Когда Пахарев объявил Евстафию Евтихиевичу, что тот переводится на должность библиотекаря, это скосило старика. Он упал духом и решил посоветоваться со своими жильцами, как ему быть.

На совет пришел первым его жилец и товарищ по гимназии грузинский князек Аркадий Максимыч Цуцунава. Во время Октября Арион Борисыч пошел круто в гору и повернул дело так, что Цуцунава «вычистили». Арион Борисыч обстряпал это дело ловко. Он дал князю заполнить анкету, состоящую из двадцати четырех вопросов, где надо было назвать свою родословную и службу при царе и политические связи. Прочитав анкету, князь так перепугался, что тут же тайком убежал домой и никогда в школу не возвращался, к вящему удовольствию Ариона Борисыча. Теперь это был сгорбленный седой старик в хламиде, с трясущейся головой. Он топил в доме печи, ходил на рынок закупать провизию, колол дрова, носил воду и за это имел угол и пищу. Аркадий Максимыч был доволен, что власти о нем забыли, и сам он никогда не вспоминал, что в разных местах прежней России у него были родственники — высокопоставленные и высокородные персоны. Даже на базар он шел, нахлобучив на глаза какой-то залатанный и бесформенный блин. Но мальчишки-сорванцы, которые знавали его в мундире с блестящими пуговицами, завидя его в хламиде, подпоясанной веревкой, нога одна в галоше, другая в зияющем ботинке, поднимали крик, еще только увидя его издали: «Тухлый барин! Тухлый барин! Пугало! Айда к нам на огород воробьев пугать».

И провожали его вплоть до дома.

Аркадий Максимыч общался только с жильцами по дому, и только они знали глубину его эрудиции: он был знатоком восточных культур, знал арабский язык и целыми вечерами рассказывал друзьям о буддизме, исламе, индусских йогах, тонко анализируя «Рамаяну» и «Дхаммападу».

Аркадий Максимыч пришел на совет первым и теперь сидел молча у самой двери. Он был абсолютно подавлен, служебная катастрофа друга была и его личной катастрофой. Он думал, что вот пришел и его конец.

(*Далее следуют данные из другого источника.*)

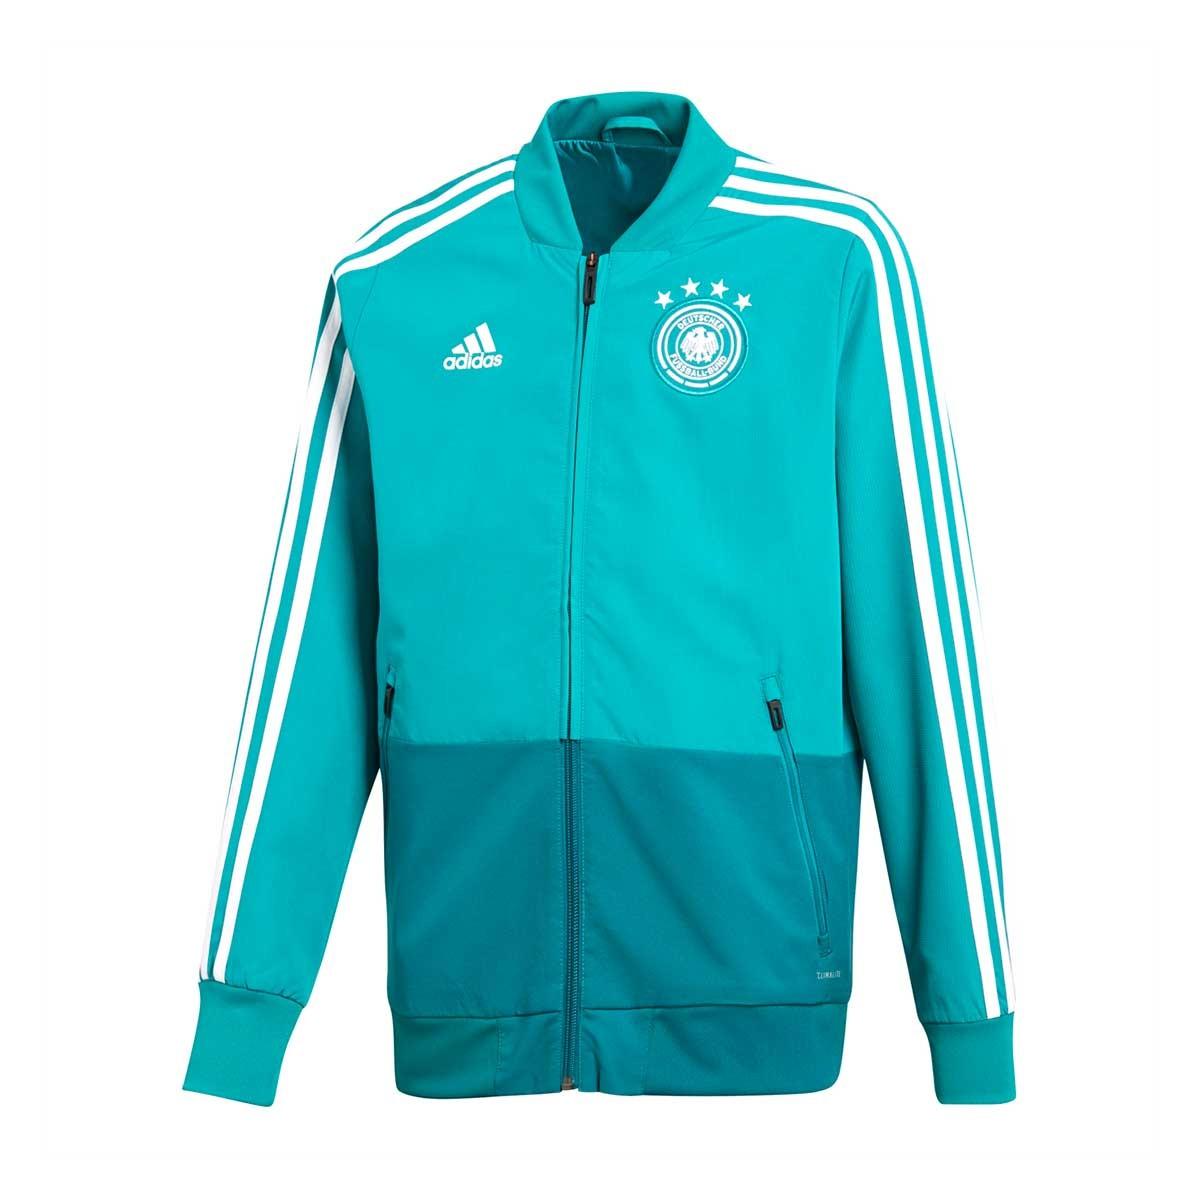 Chamarra adidas Previa Alemania 2017-2018 Niño Green-Real teal-White -  Soloporteros es ahora Fútbol Emotion 83ee9c65c6a22

Вторым жильцом Евстафия Евтихиевича был Андрей Павлыч Мельников. Он преподавал историю местного края в педагогическом институте, но по старости стал безбожно путать даты, города и события, его уволили на пенсию, и он полгода жил у Евстафия Евтихиевича, приезжая из Нижнего. Он занимал мезонин, в котором у него, кроме связки старых архивных бумаг да старинных староверских рукописей, ничего не было. Он всю жизнь писал, и у него накопился целый сундучок рукописей, из которых он кое-что напечатал в местных газетах. Писал он по истории старых дворянских строений, по истории церквей и монастырей, и так как никто этого не печатал, то он прочитывал очередное сочинение в тесном кругу друзей и после этого прятал его в заветный сундучок. Но, спрятав эту рукопись, он тут же принимался за другую. Ему все-таки удалось напечатать целую книгу по истории Нижегородской ярмарки. Этой книгой он гордился, облек ее в сафьяновый переплет и держал в сундучке завернутой в полотенце, вынимал только для показа знакомым, а читать не давал.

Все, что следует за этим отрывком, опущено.